Spatially resolved single-cell translatomics at molecular resolution

The precise control of messenger RNA (mRNA) translation is a crucial step in posttranscriptional gene regulation of cellular physiology. However, it remains a challenge to systematically study mRNA translation at the transcriptomic scale with spatial and single-cell resolution. Here, we report the development of ribosome-bound mRNA mapping (RIBOmap), a highly multiplexed three-dimensional in situ profiling method to detect cellular translatome.

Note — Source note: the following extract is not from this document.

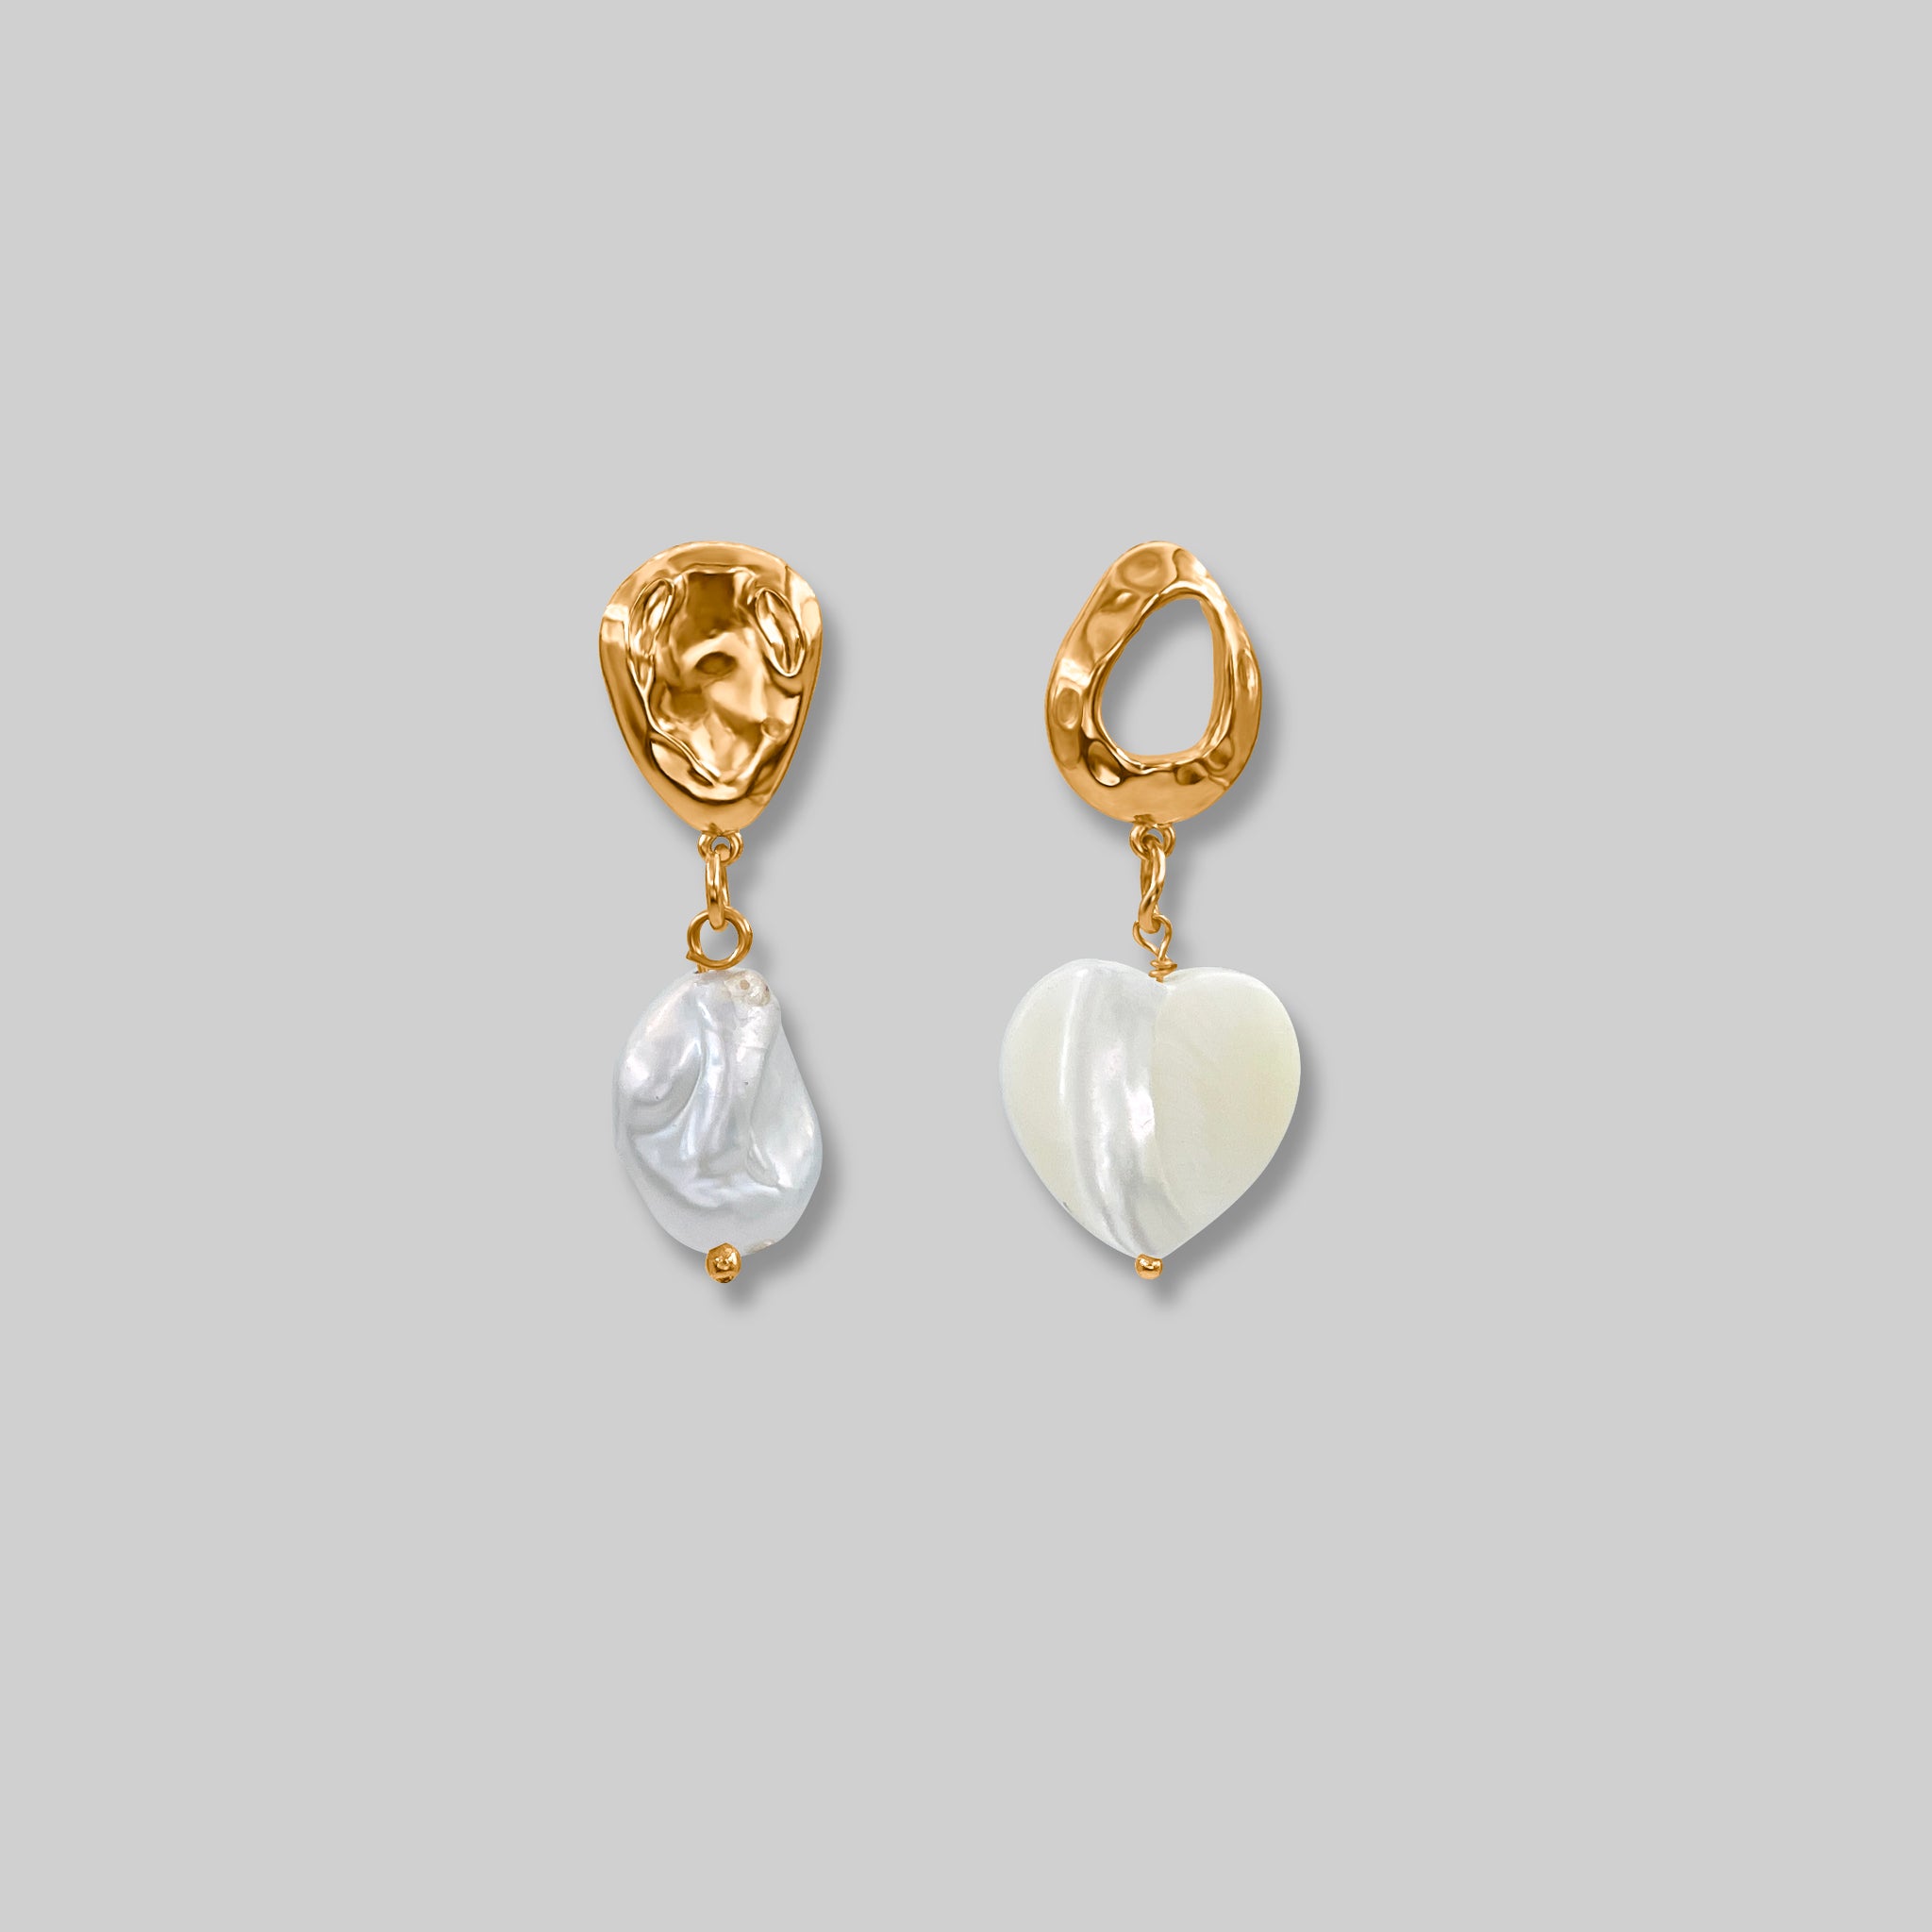 Vintage heart mismatched earrings
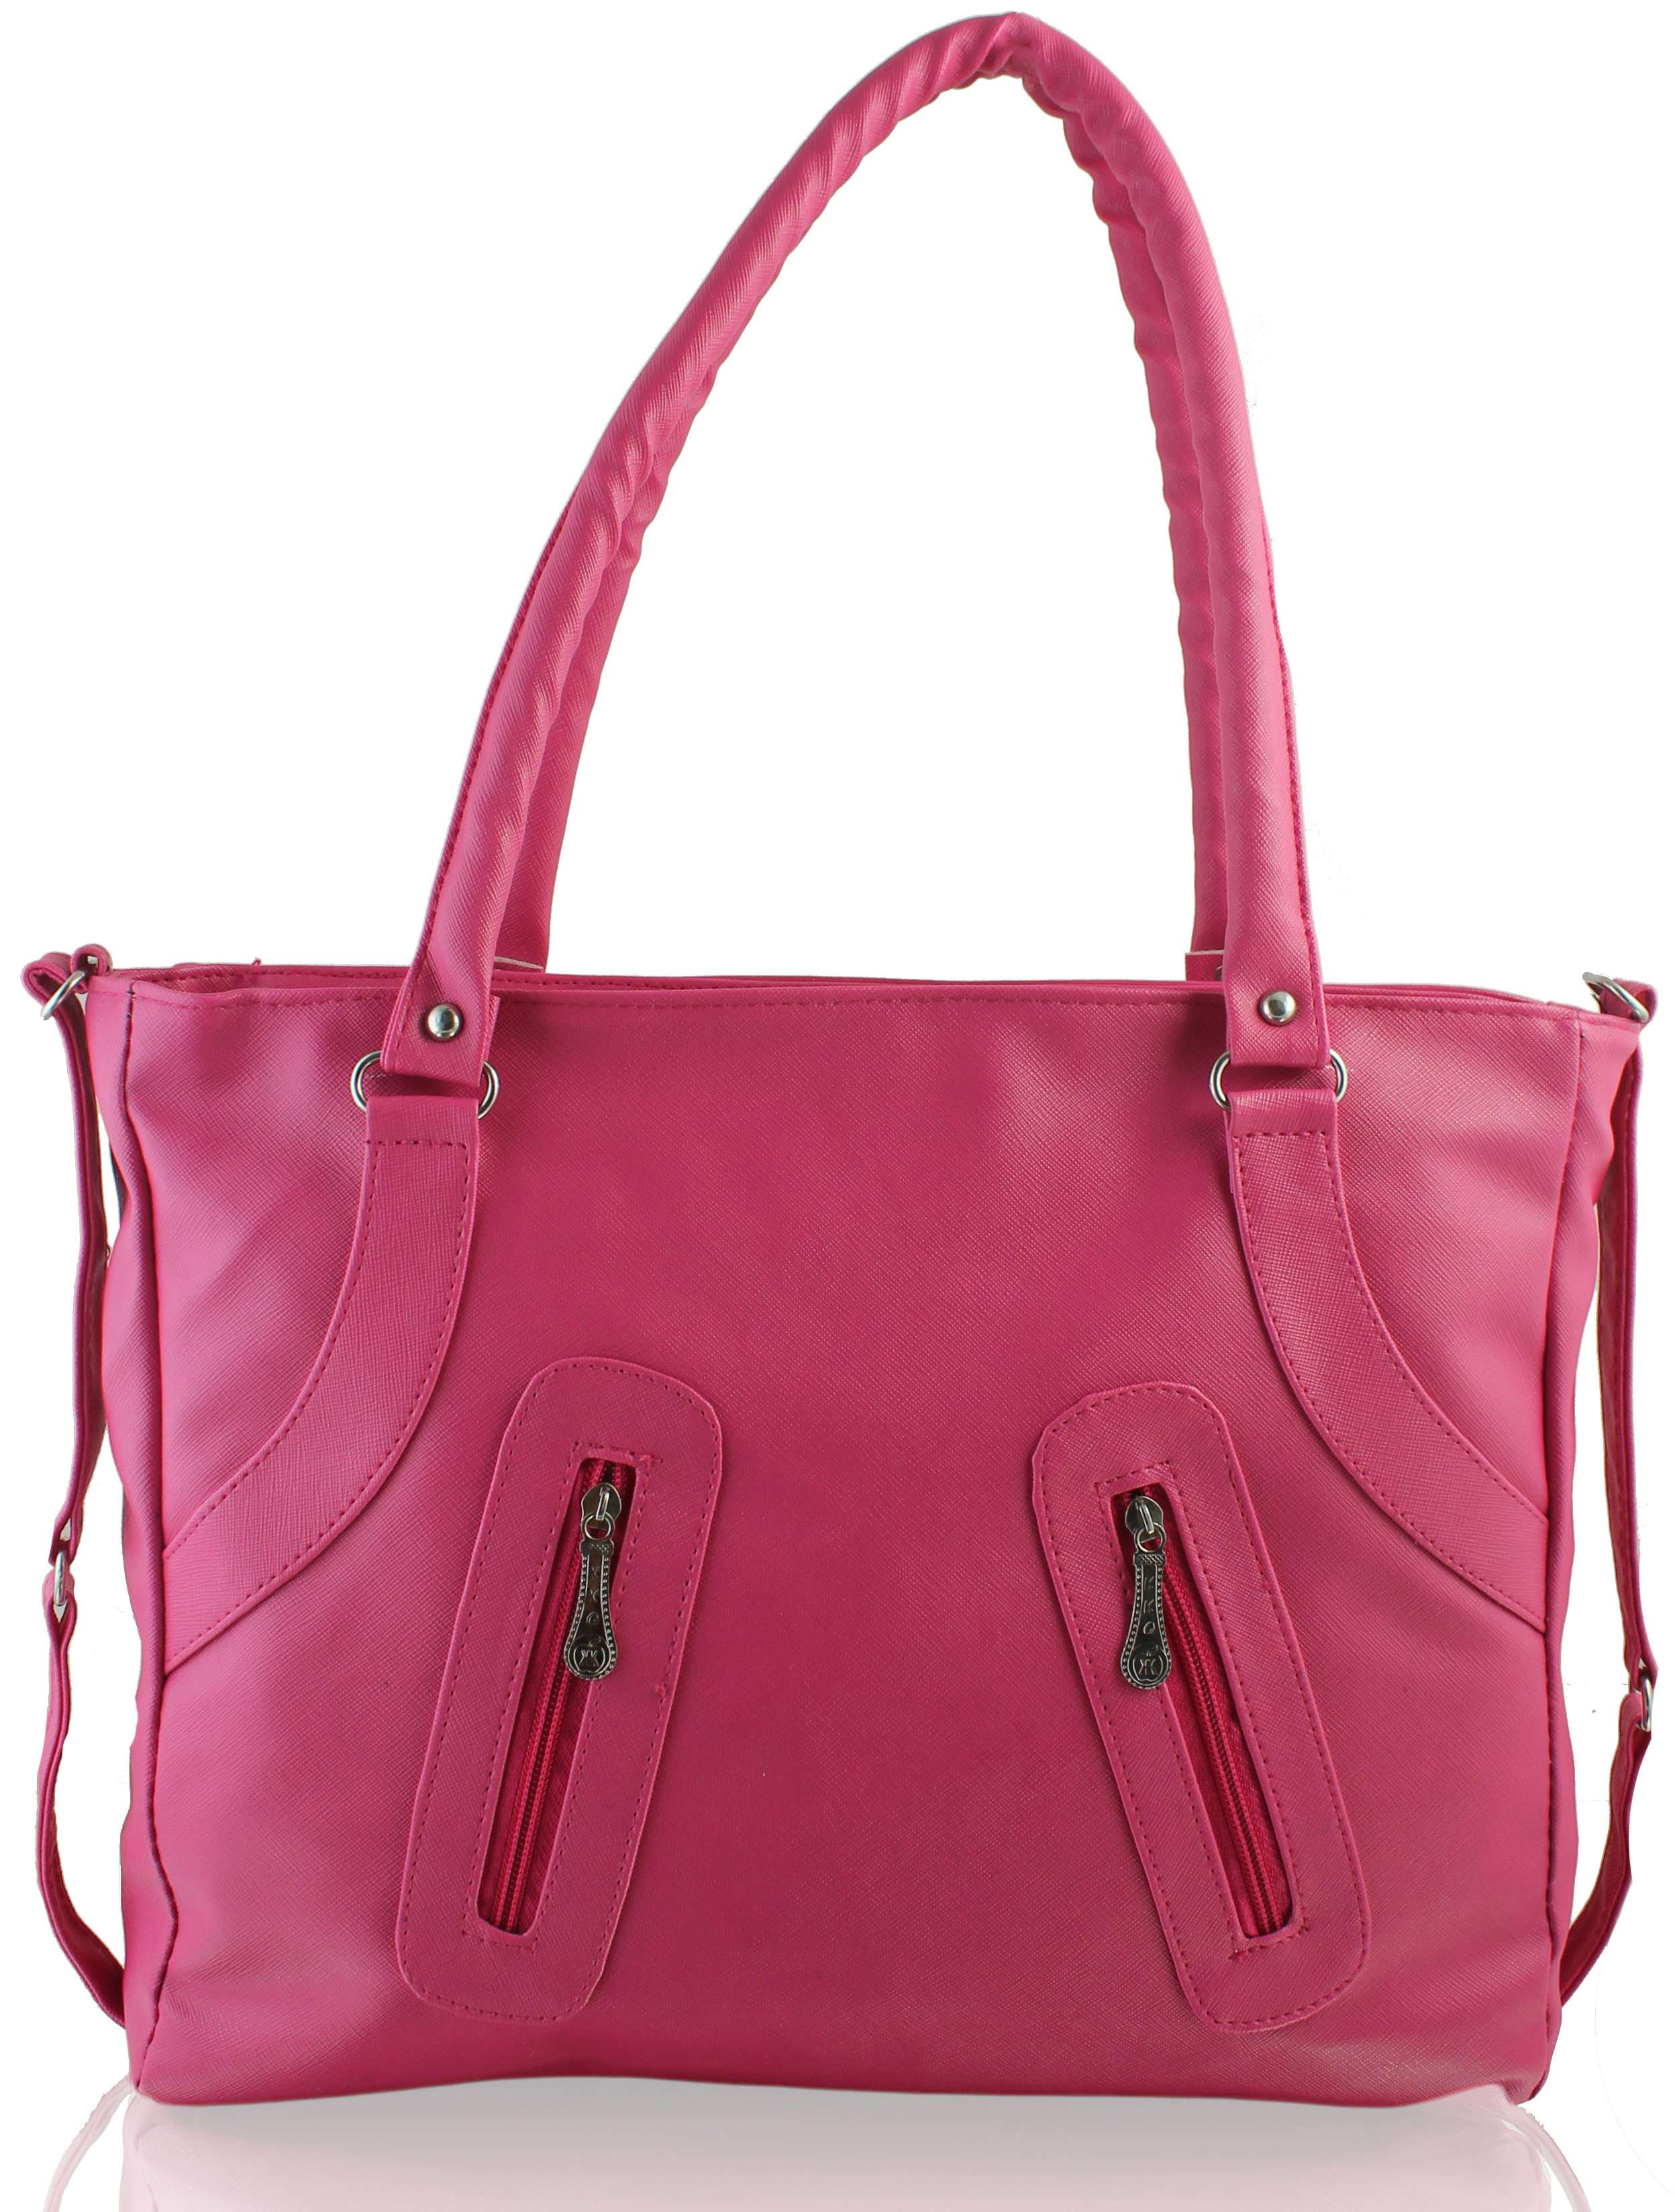 Buy Clementine Pink Handbag sskclem91 Online @ ₹499 from ShopClues

RIBOmap profiling of 981 genes in HeLa cells revealed cell cycle-dependent translational control and colocalized translation of functional gene modules. We mapped 5413 genes in mouse brain tissues, yielding spatially resolved single-cell translatomic profiles for 119,173 cells and revealing cell type-specific and brain region-specific translational regulation, including translation remodeling during oligodendrocyte maturation. Our method detected widespread patterns of localized translation in neuronal and glial cells in intact brain tissue networks.

Automated summary

The precise control of mRNA translation is crucial in posttranscriptional gene regulation, but it is challenging to study it systematically at the transcriptomic scale with spatial and single-cell resolution. The researchers developed a method called RIBOmap to detect cellular translatome. The study revealed cell cycle-dependent translational control and colocalized translation of functional gene modules.